Information:
#####
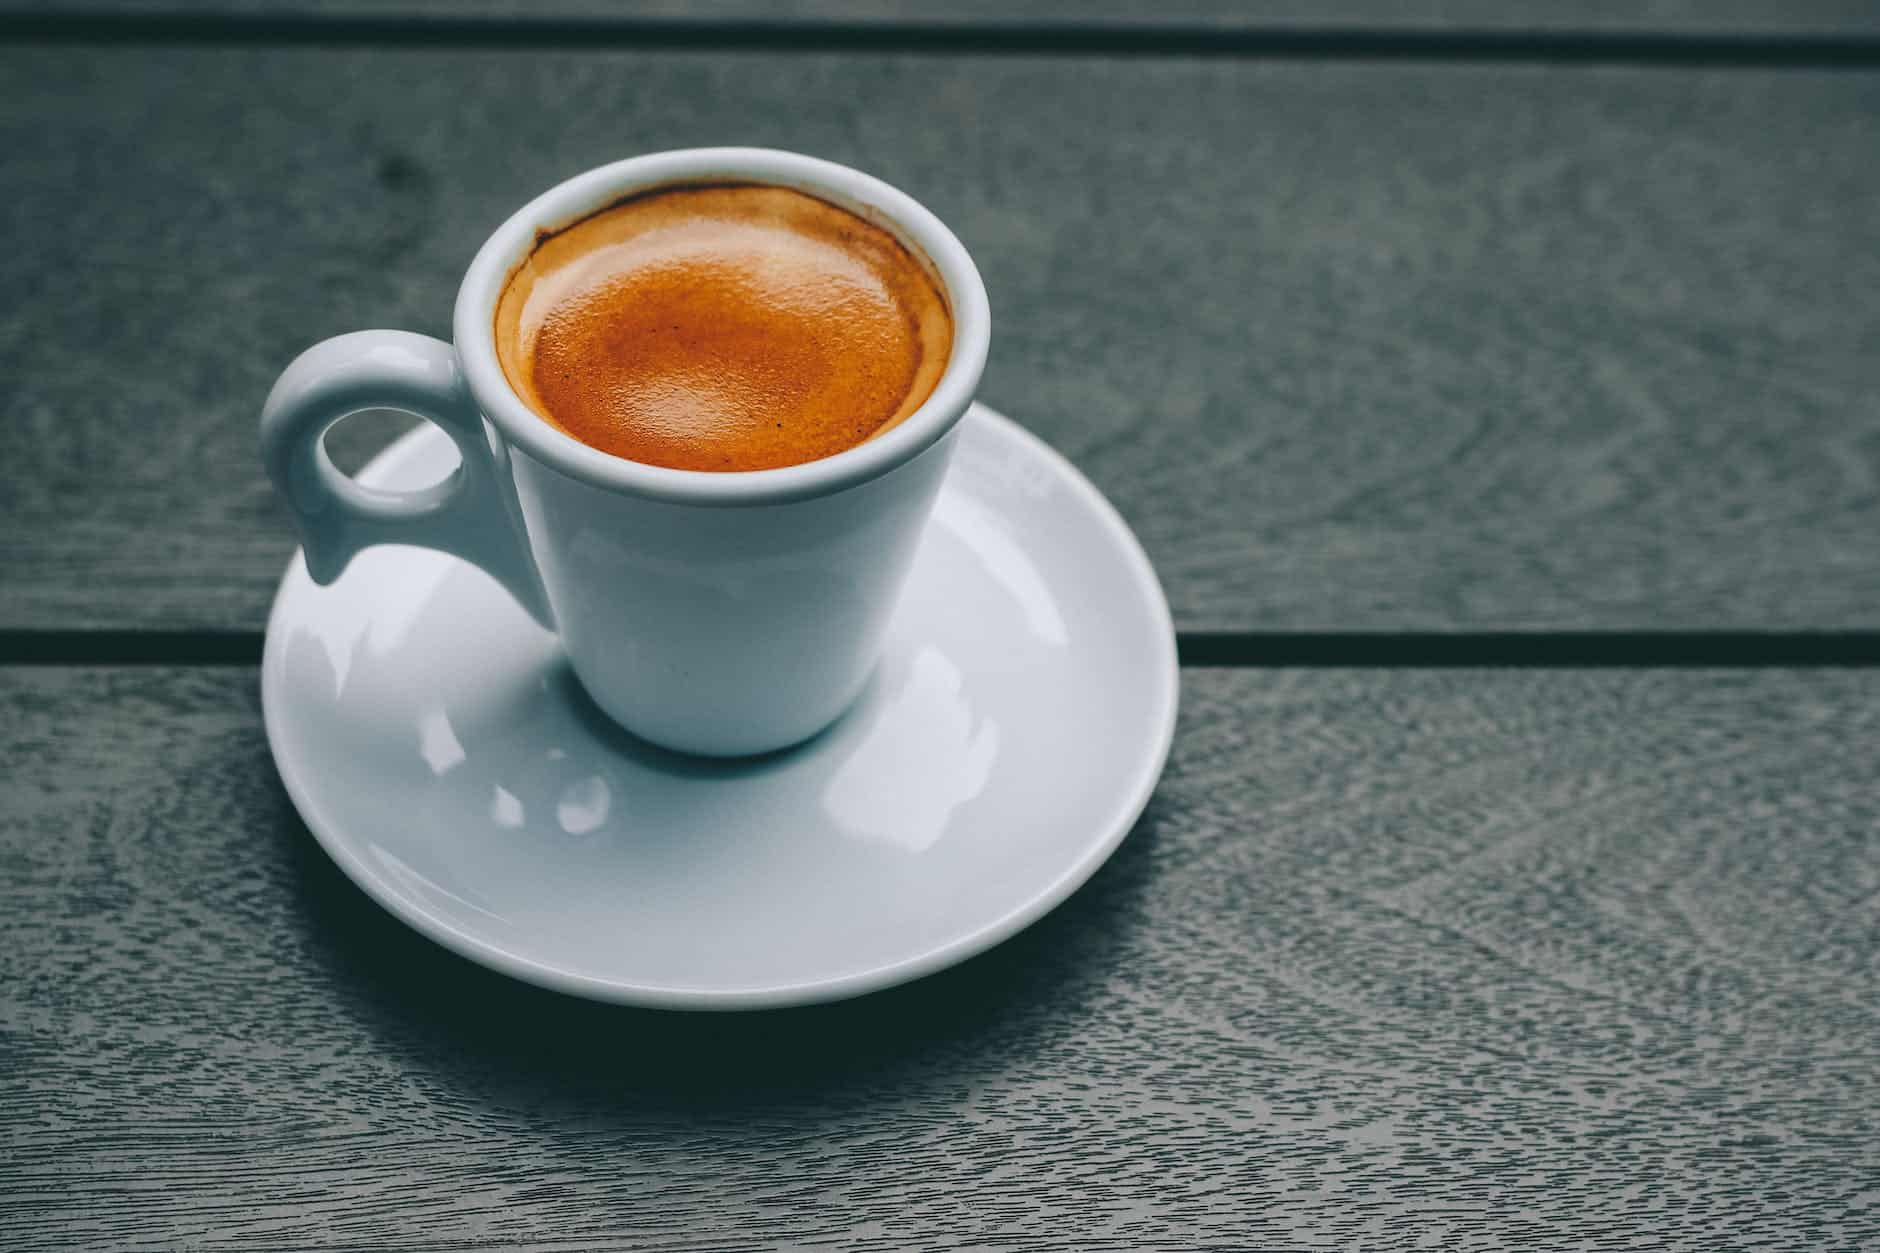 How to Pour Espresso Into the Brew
#####
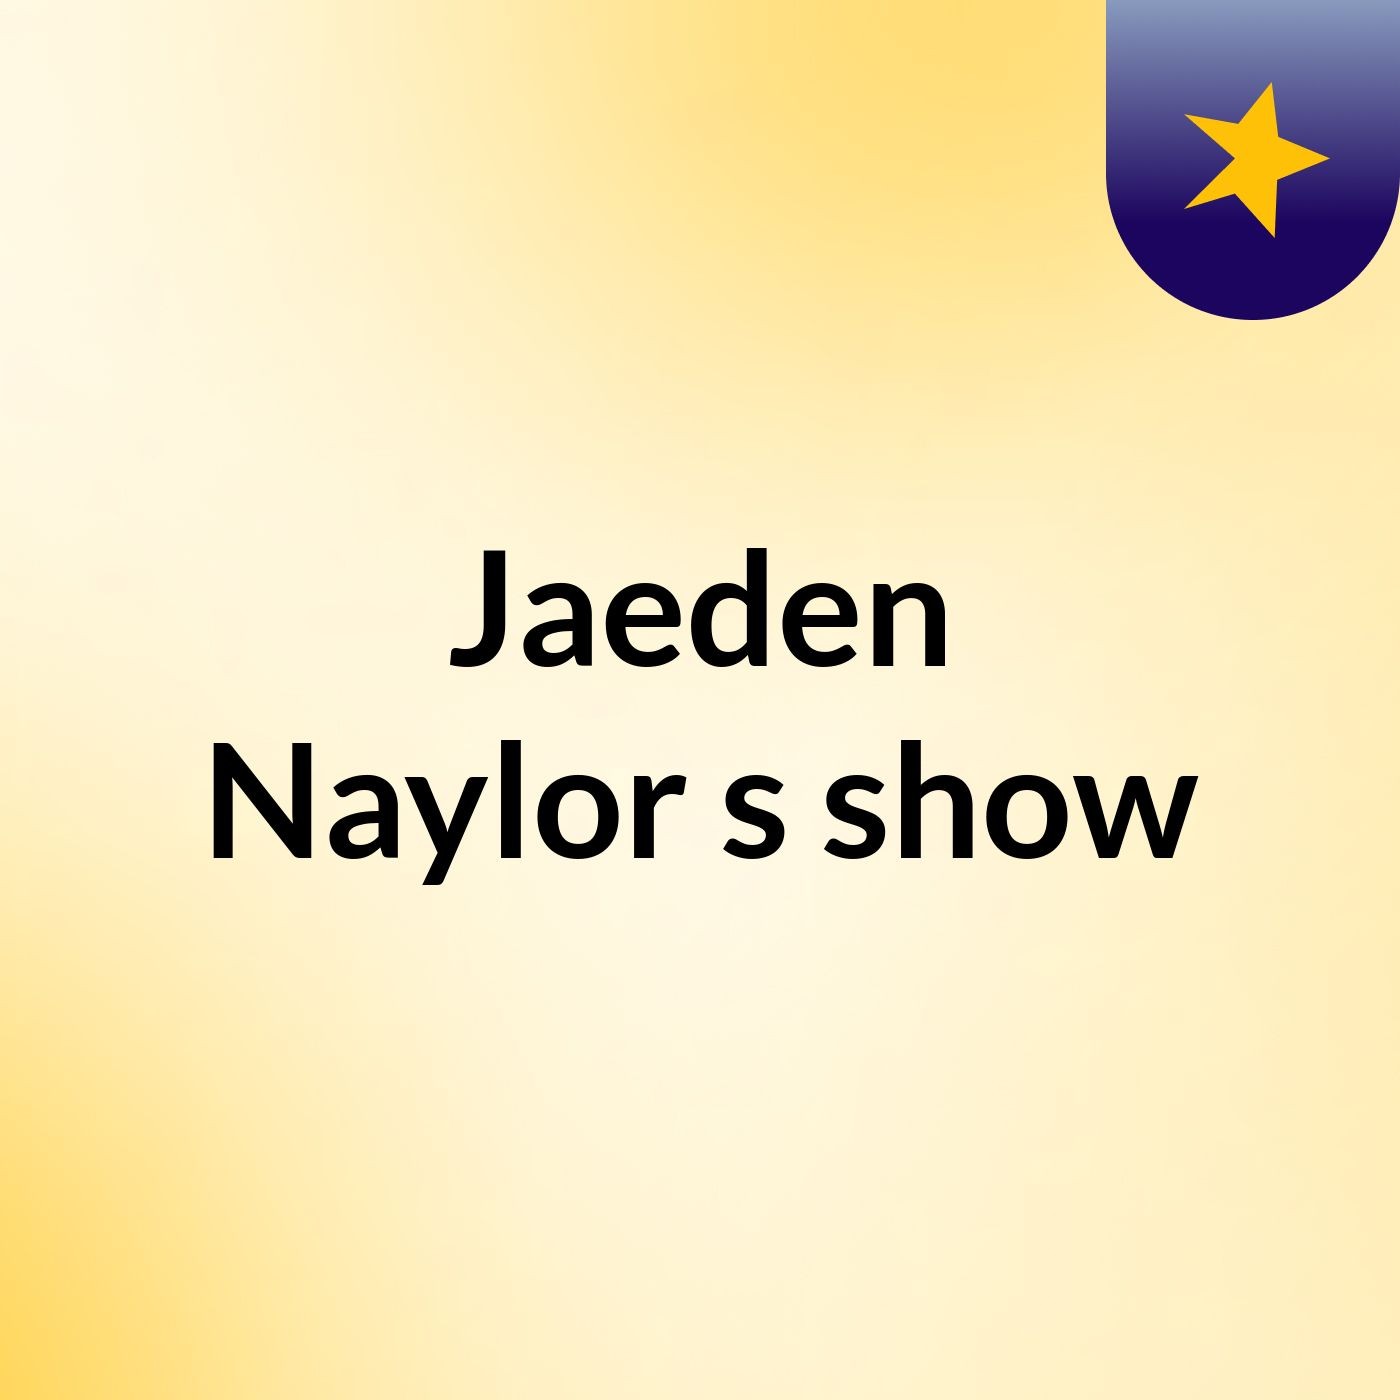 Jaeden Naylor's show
#####
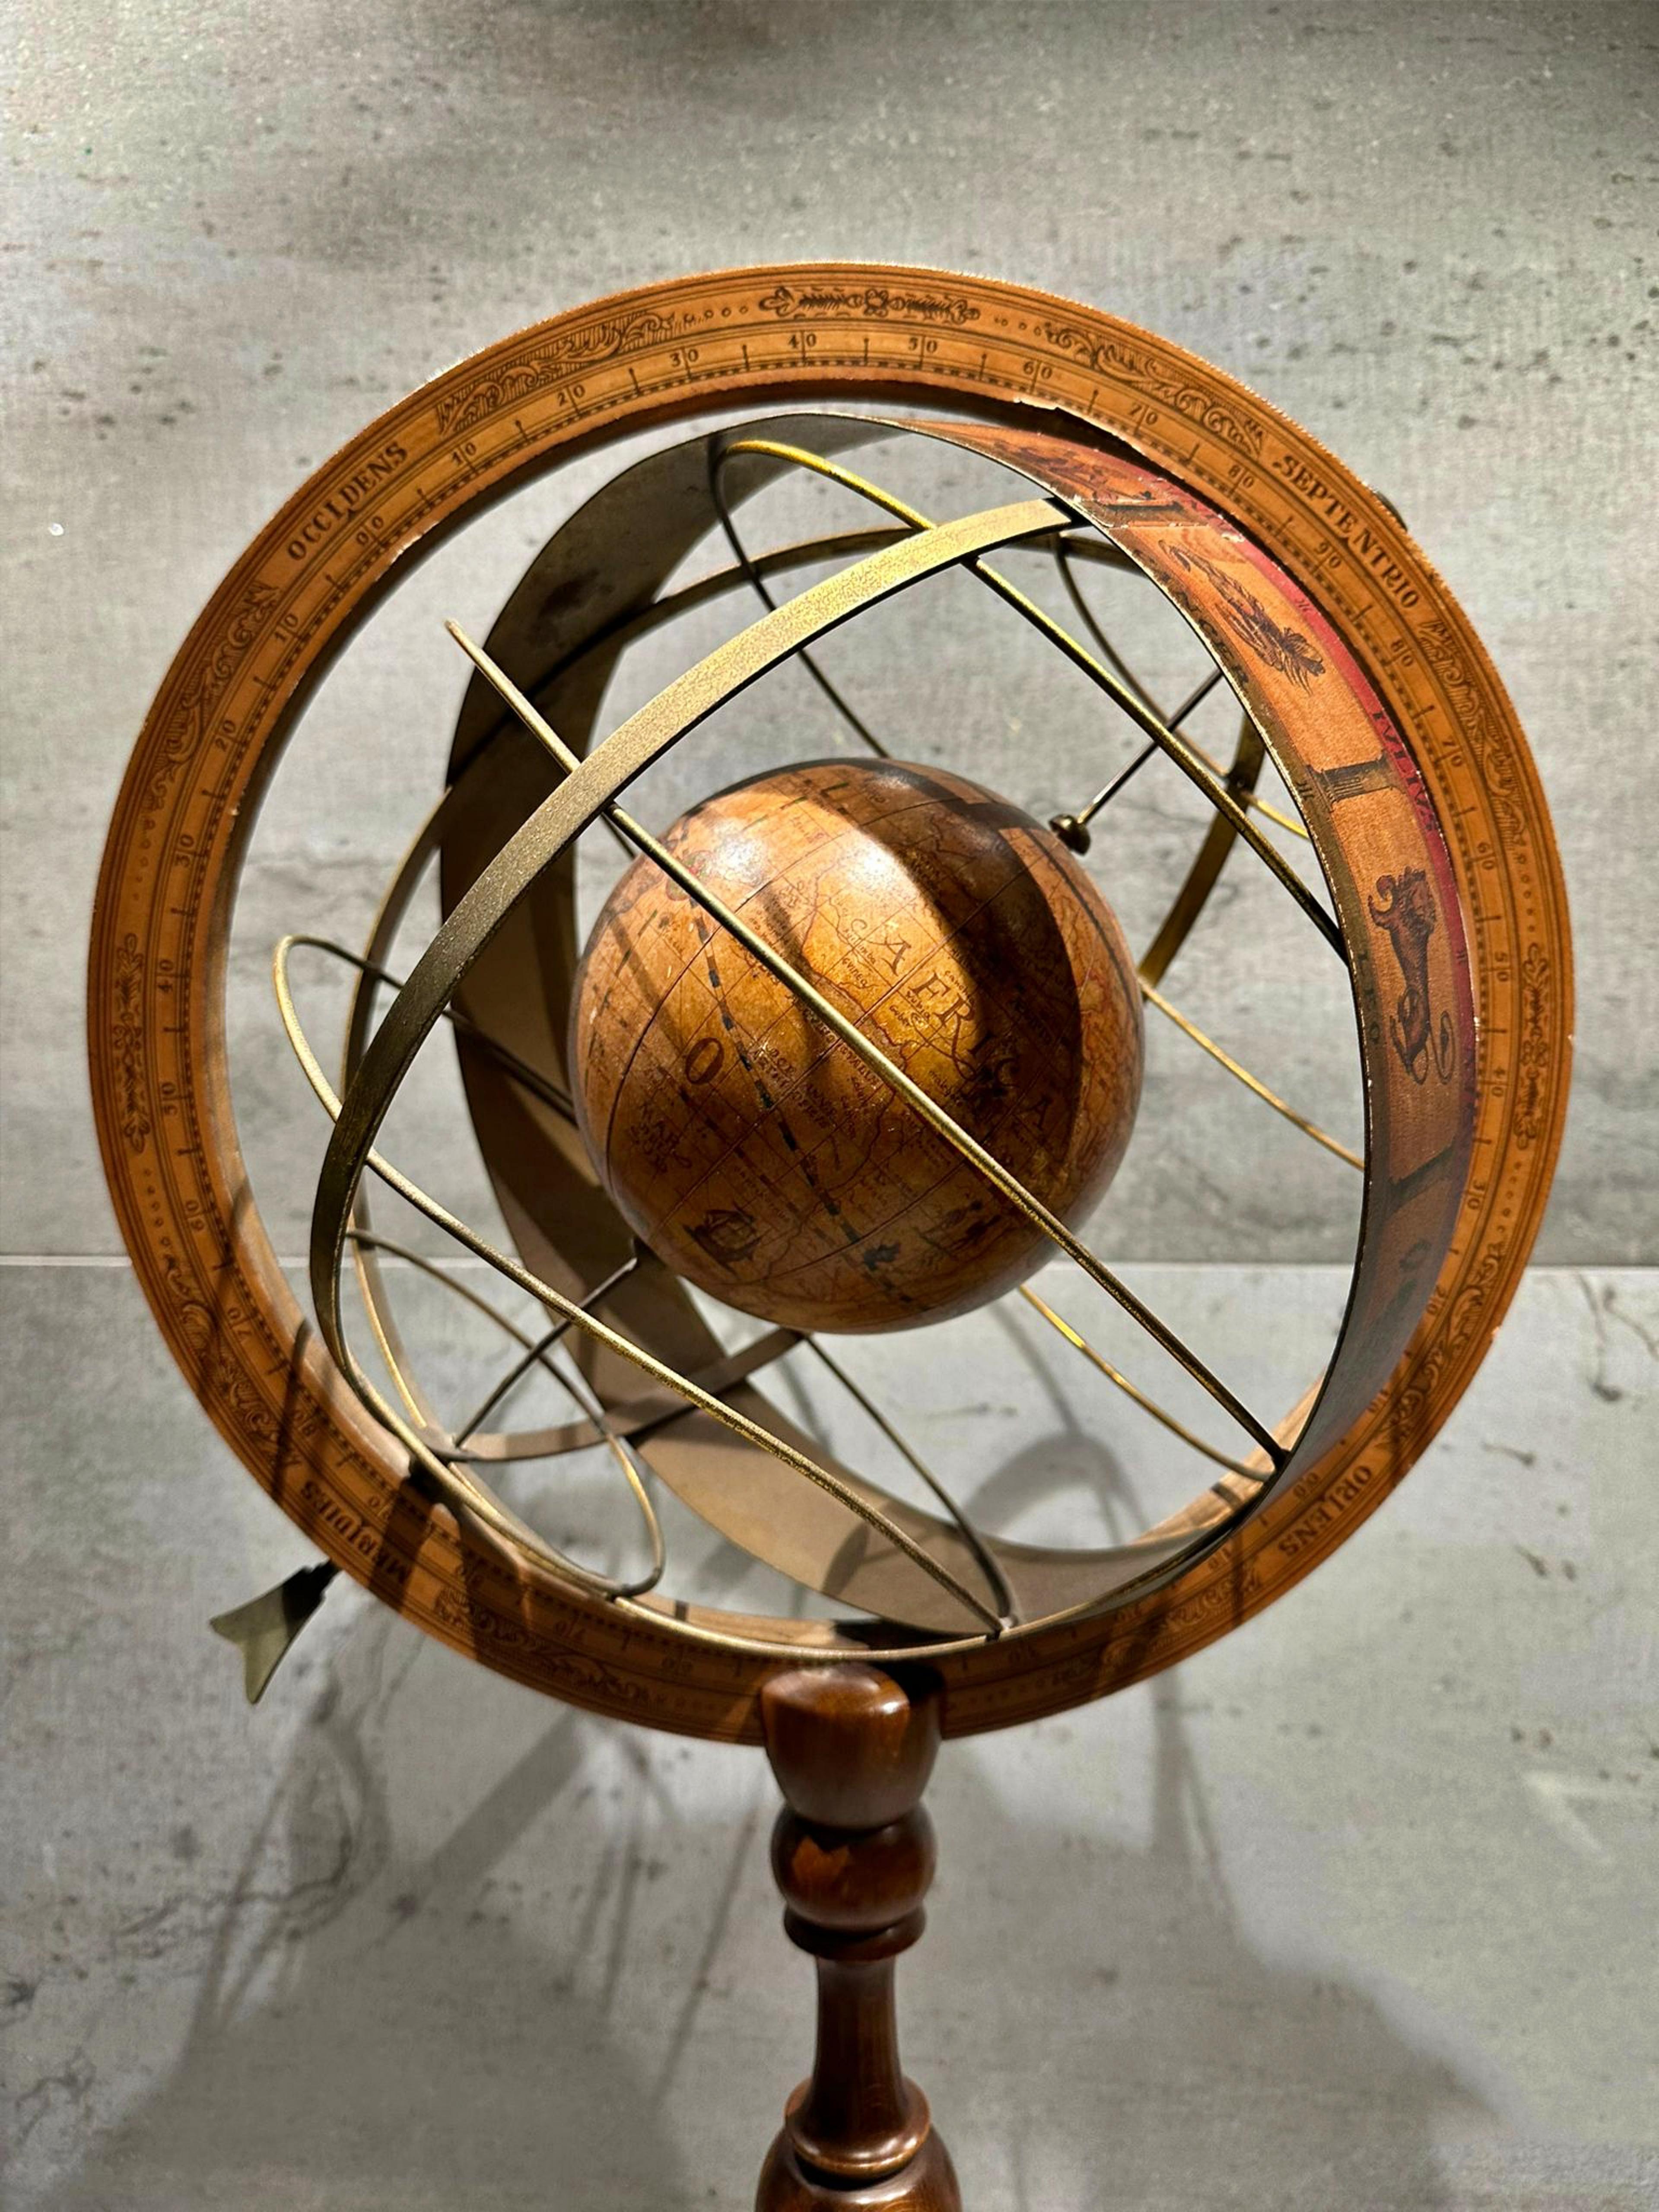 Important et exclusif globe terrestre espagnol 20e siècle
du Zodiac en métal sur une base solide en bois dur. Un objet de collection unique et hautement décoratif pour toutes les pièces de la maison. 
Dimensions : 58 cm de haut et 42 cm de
#####
Exercise description: Please give an exact copy of the entries above, from the line with "du Zodiac en" down to the line with "Dimensions : 58 cm de haut et 42 cm de", inclusive, and nothing else.

Written answer:
du Zodiac en métal sur une base solide en bois dur. Un objet de collection unique et hautement décoratif pour toutes les pièces de la maison. 
Dimensions : 58 cm de haut et 42 cm de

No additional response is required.